В первой книге был опубликован известный в достаточной степени, но никогда не публиковавшийся полностью дневник Лидии Осиповой, который она так и назвала «Дневник коллаборантки», и воспоминания другого известного коллаборациониста, журналиста, сотрудничавшего с оккупационной печатью, Владимира Самарина, впоследствии профессора Йельского университета, с позором оттуда изгнанного, когда стало известно, чем он занимался в период оккупации.
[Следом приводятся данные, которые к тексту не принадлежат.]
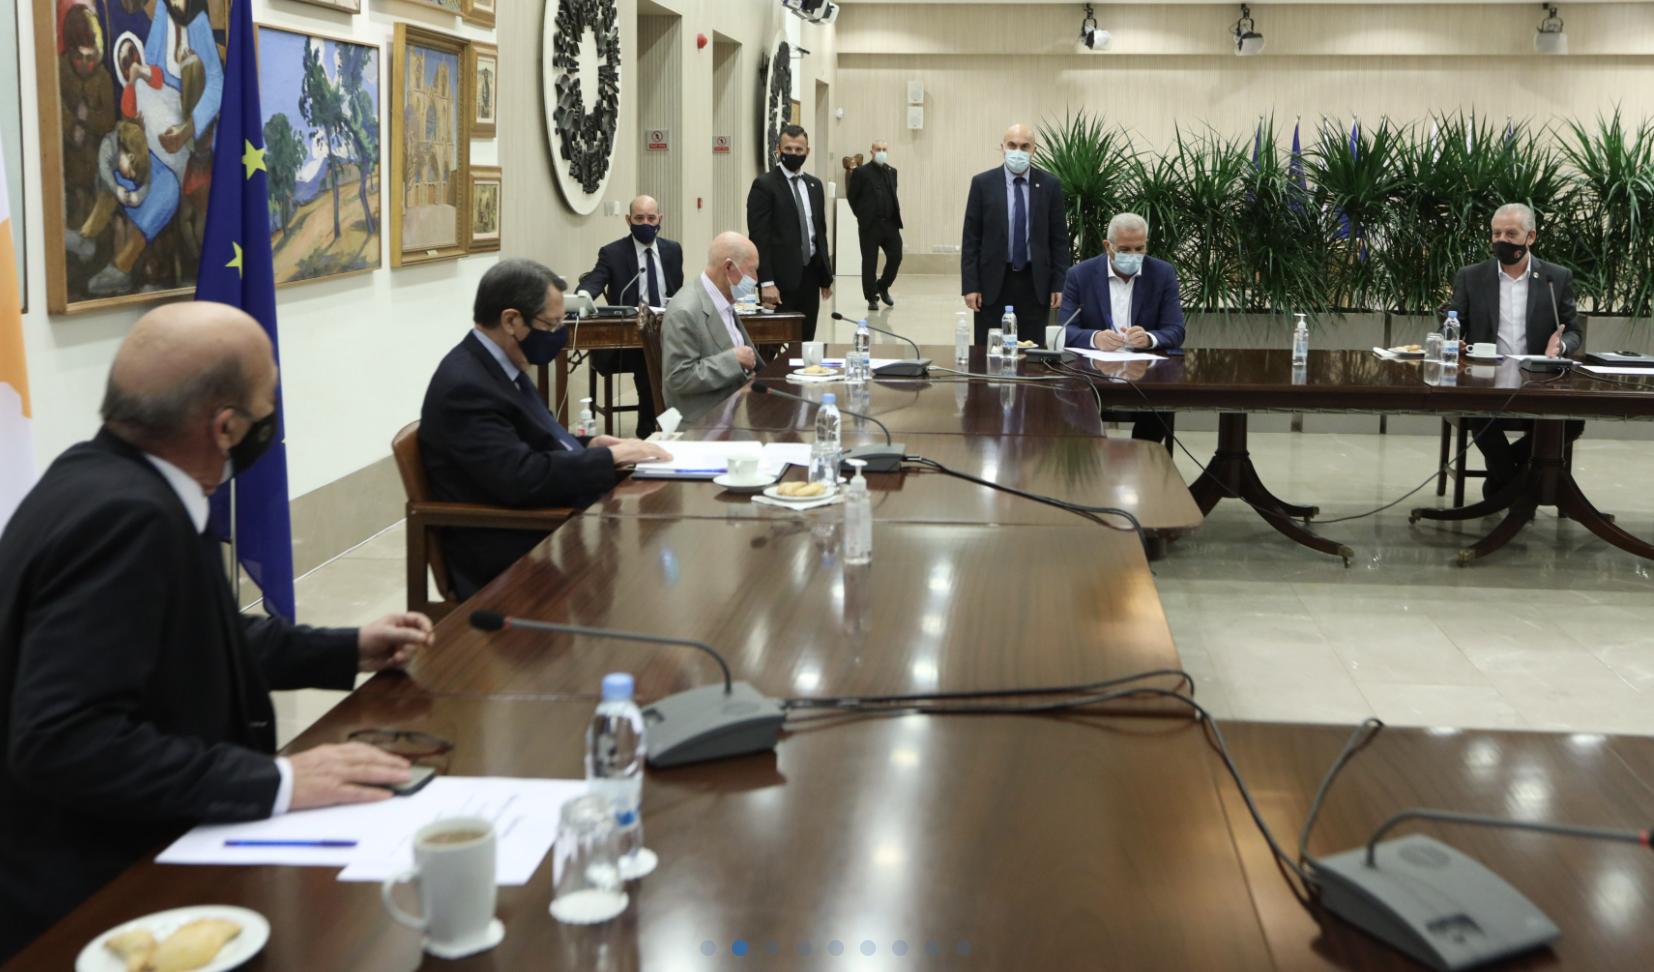 Κύπρος: Ενημέρωσε του πολιτικούς αρχηγούς ο Αναστασιάδης για τις εξελίξεις στο Κυπριακό

Вторая книга серии, собственно, «Одесса: жизнь в оккупации». И смысл публикации в том, чтобы, с одной стороны, изучить коллаборационизм, который был явлением достаточно массовым. Хотя это явление, мягко говоря, не слишком приятное, ведь коллаборационизм — это сотрудничество с врагом, с противником, с оккупантом. Этот термин появился именно в период Второй мировой войны, с нелегкой руки маршала Петена, именно он на встрече с Гитлером употребил это слово. Это слово, которое означает всего-навсего сотрудничество, приобрело специфические коннотации, то есть сотрудничество с врагом, с противником, и с этого момента оно приобрело такой негативный оттенок.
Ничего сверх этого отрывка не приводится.